Diplomats inch toward further Iran sanctions

New measures against Tehran could include EU oil embargo

Iranian President Mahmoud Ahmadinejad: if embargo imposed he may close the Stair of Hormuz. GETTY IMAGES
Iranian President Mahmoud Ahmadinejad: if embargo imposed he may close the Stair of Hormuz. GETTY IMAGES

Diplomats from the US and EU met in Rome yesterday to agree further restrictions on Iran’s ability to act abroad, which may include EU embargoes on its oil industry and central bank.

"The participants repeated the need for Iran to conform to resolutions of the United Nations and the IAEA (the U.N. International Atomic Energy Agency), and asked the country to satisfy demands by the international community for timely and immediate clarifications on its nuclear programme," a Italian diplomatic source told Reuters.

Iran has invited the IEAE to return to the country, a move which western nations see as a stalling tactic unless Tehran gives specific undertaking to permit full inspections. Previous visits have frustrated IAEA officials hoping to obtain unrestricted access to Iran’s nuclear program.

The international community’s measures against Iran are in response to what they say is strong evidence of Tehran’s ongoing nuclear weapons program, which Tehran says is for civilian power generation purposes only.
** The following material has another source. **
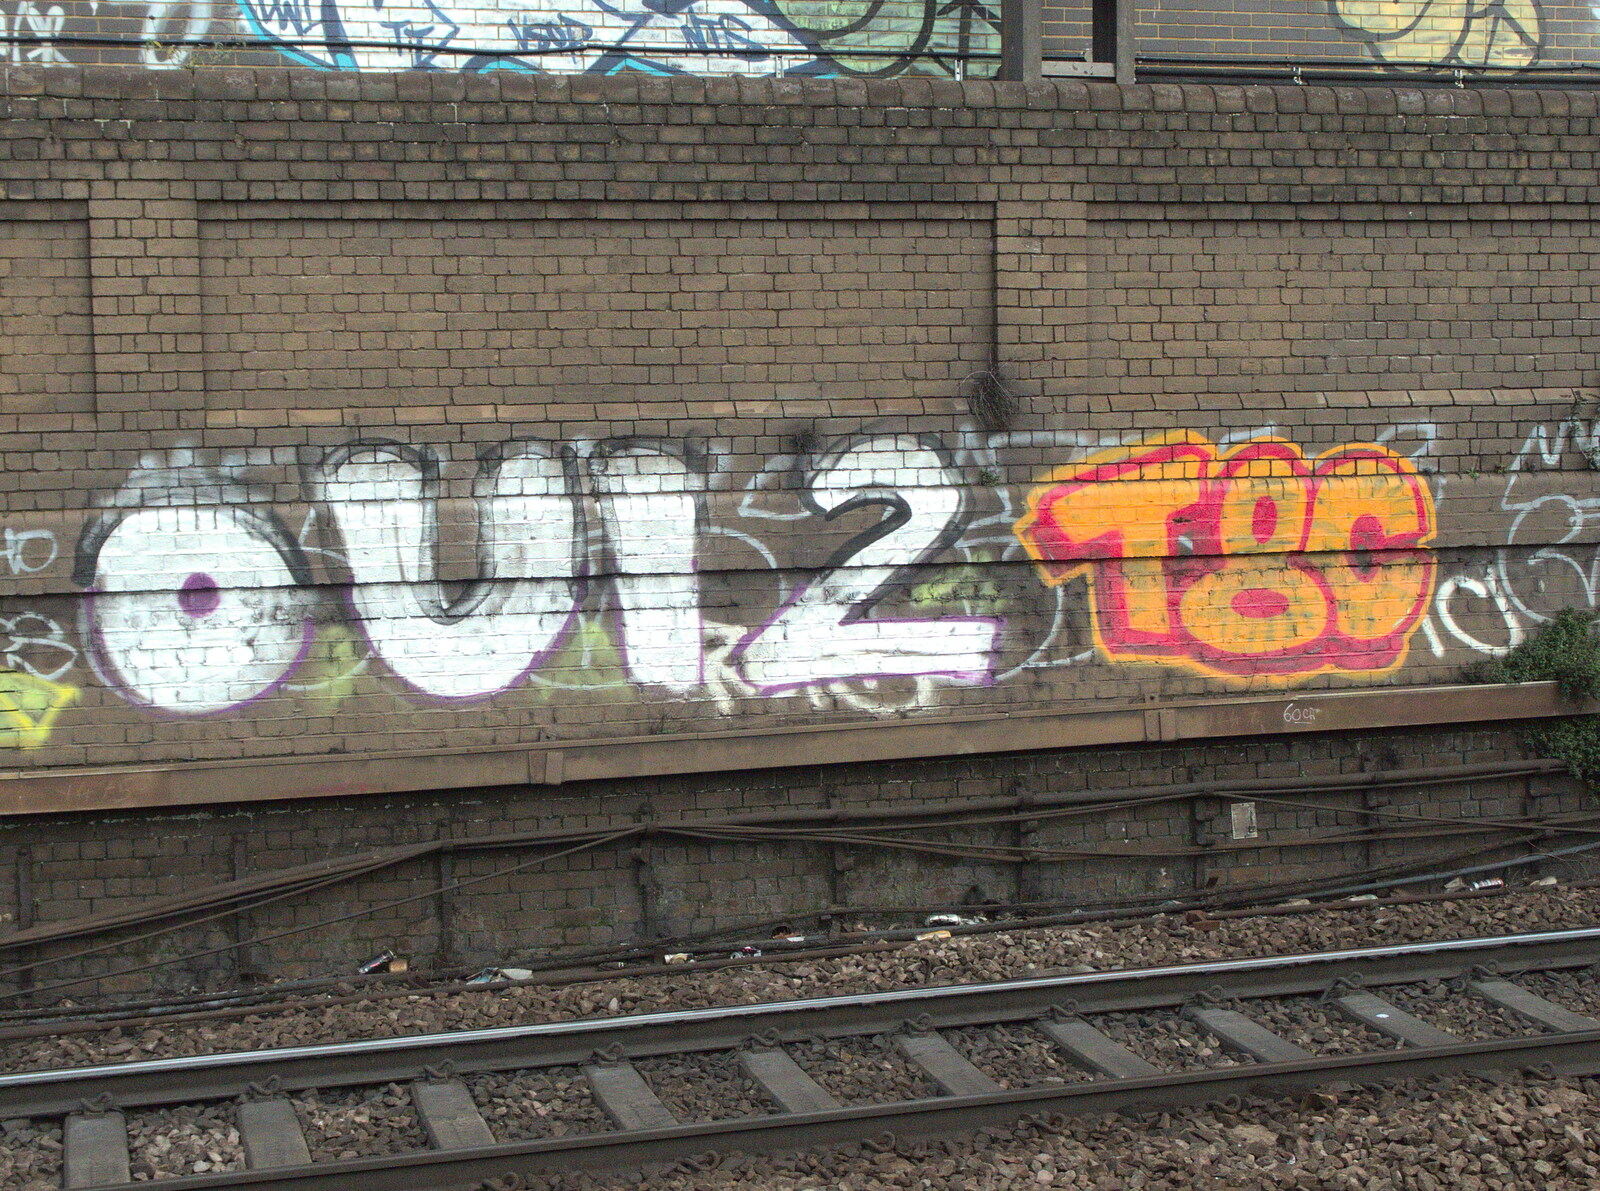 Oui 2 and T8C tags from Railway Graffiti, Tower Hamlets, London - 12th February 2019

The impact of an oil embargo against Iran – both on its domestic production and international prices – is disputed. Many analysts believe Iran will simply sell to Asian refiners instead of the EU, gifting China cheaper feedstock and giving crude from other countries – particularly Russian Urals and Saudi crudes – a price hike.

Tehran has strongly suggested it will blockade the choke point of the Stait of Hormuz if an embargo is imposed, carrying out military exercises preparing for a closure earlier this month. Closing the Strait could have a major impact on oil prices and supply, as 15.5 million barrels a day, a third of the world's sea-borne oil tanker traffic, passes through the channel.

Iran is also adept at dealing with sanctions, having done so for many years, offering generous credit terms to buyers such as India and Sri Lanka and relaying oil payments through third parties.

Diplomats in France and Britain believe the importance of Europe to Iran’s oil industry – which imports a fifth of all Iranian production – can make an embargo effective as Iran, which is fiscally-constrained by its high government budget, will not be able to sustain cut production or selling such a large volume of its oil at below market rates. Asian customers may be unwilling to frustrate existing import commitments from other key suppliers.

EU refiners say they can cope with the change in crudes that would come with a shift from Iranian to Saudi crude. Antonio Brufau, Chairman of Spanish refiner Repsol, told reporters in Moscow that “it is not very difficult to move from Iran to Saudi Arabia to even Russia. It depends on the quality of the crude and the needs of our system.”

The addition of a key Asian customer such as Japan could make sanctions effective. The question would then whether advanced economies, many of whom teeter on the brink of renewed recession, can afford a serious disruption in oil markets.